Жан-Клод Карьер - Не надейтесь избавиться от книг!
Ж.-К. К.: Как вы считаете, страсть к старинным книгам не исчезнет? Это вопрос, который задают себе, не без тревоги, порядочные книготорговцы. Если среди их клиентов останутся одни банкиры, их ремесло утратит смысл. Многие книготорговцы, которых я знаю, говорят, что среди молодежи все меньше настоящих ценителей.
У. Э.: Нужно помнить, что старинные книги неизбежно являются предметом уходящим. Если я владею каким-нибудь очень редким драгоценным камнем или полотном Рафаэля, после моей смерти семья его продаст. Но если у меня хорошая коллекция книг, в завещании я, скорее всего, укажу, что не хочу, чтобы она оказалась разделена, потому что я всю жизнь ее собирал. И тогда она либо будет подарена какому-нибудь государственному учреждению, либо куплена через аукцион «Кристи» крупной библиотекой, вероятней всего, американской.
В этом случае все эти книги навсегда исчезнут с рынка. Бриллиант возвращается на рынок каждый раз, когда его очередной владелец умирает. Но инкунабула будет отныне числиться в каталоге Бостонской библиотеки.

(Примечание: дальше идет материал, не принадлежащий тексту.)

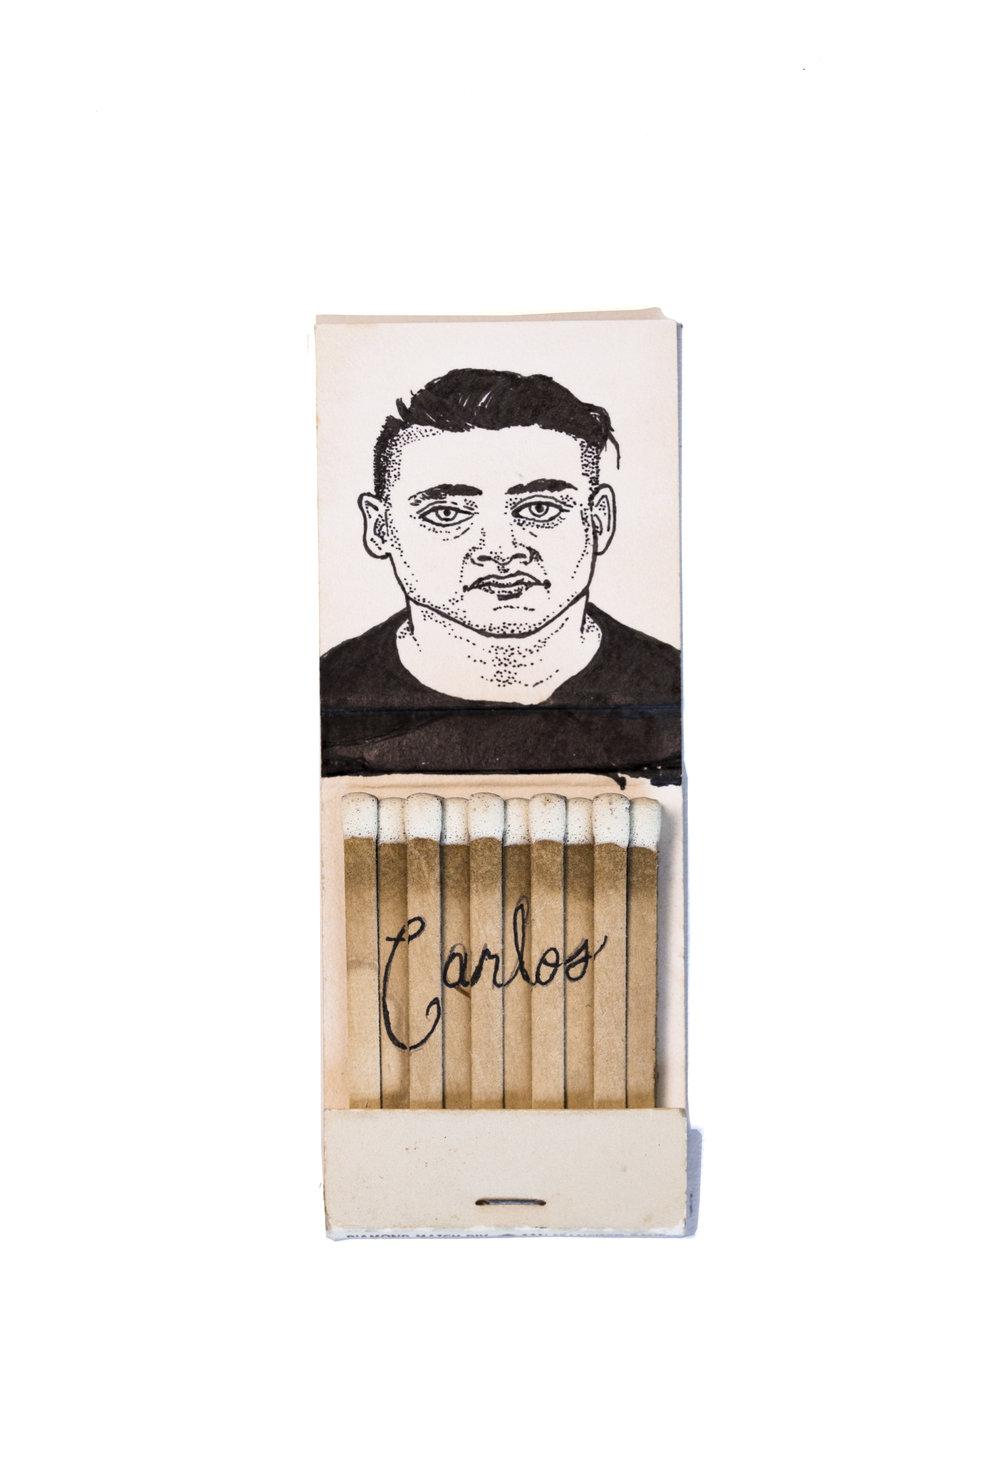 38. Carlos

Ж.-К. К.: И там останется.
У. Э.: Навсегда. Так что, помимо ущерба, который наносят так называемые инвесторы, каждый экземпляр старинной книги становится все более редким, а стало быть, и все более дорогим. Что же касается новых поколений, я не думаю, что они утратили страсть к старинным книгам. Скорее, мне кажется, ее у них никогда и не было, поскольку старинные книги всегда были молодым людям не по карману. Но нужно также сказать, что, если человек действительно чем-то увлечен, он может стать коллекционером и не тратя больших сумм. У себя на полках я нашел двух Аристотелей XVI века, купленных по молодости из любопытства: каждый стоил (судя по цене, написанной карандашом букиниста на титульном листе) что-то около сегодняшних двух евро. С точки зрения антиквара, это, очевидно, совсем не дорого.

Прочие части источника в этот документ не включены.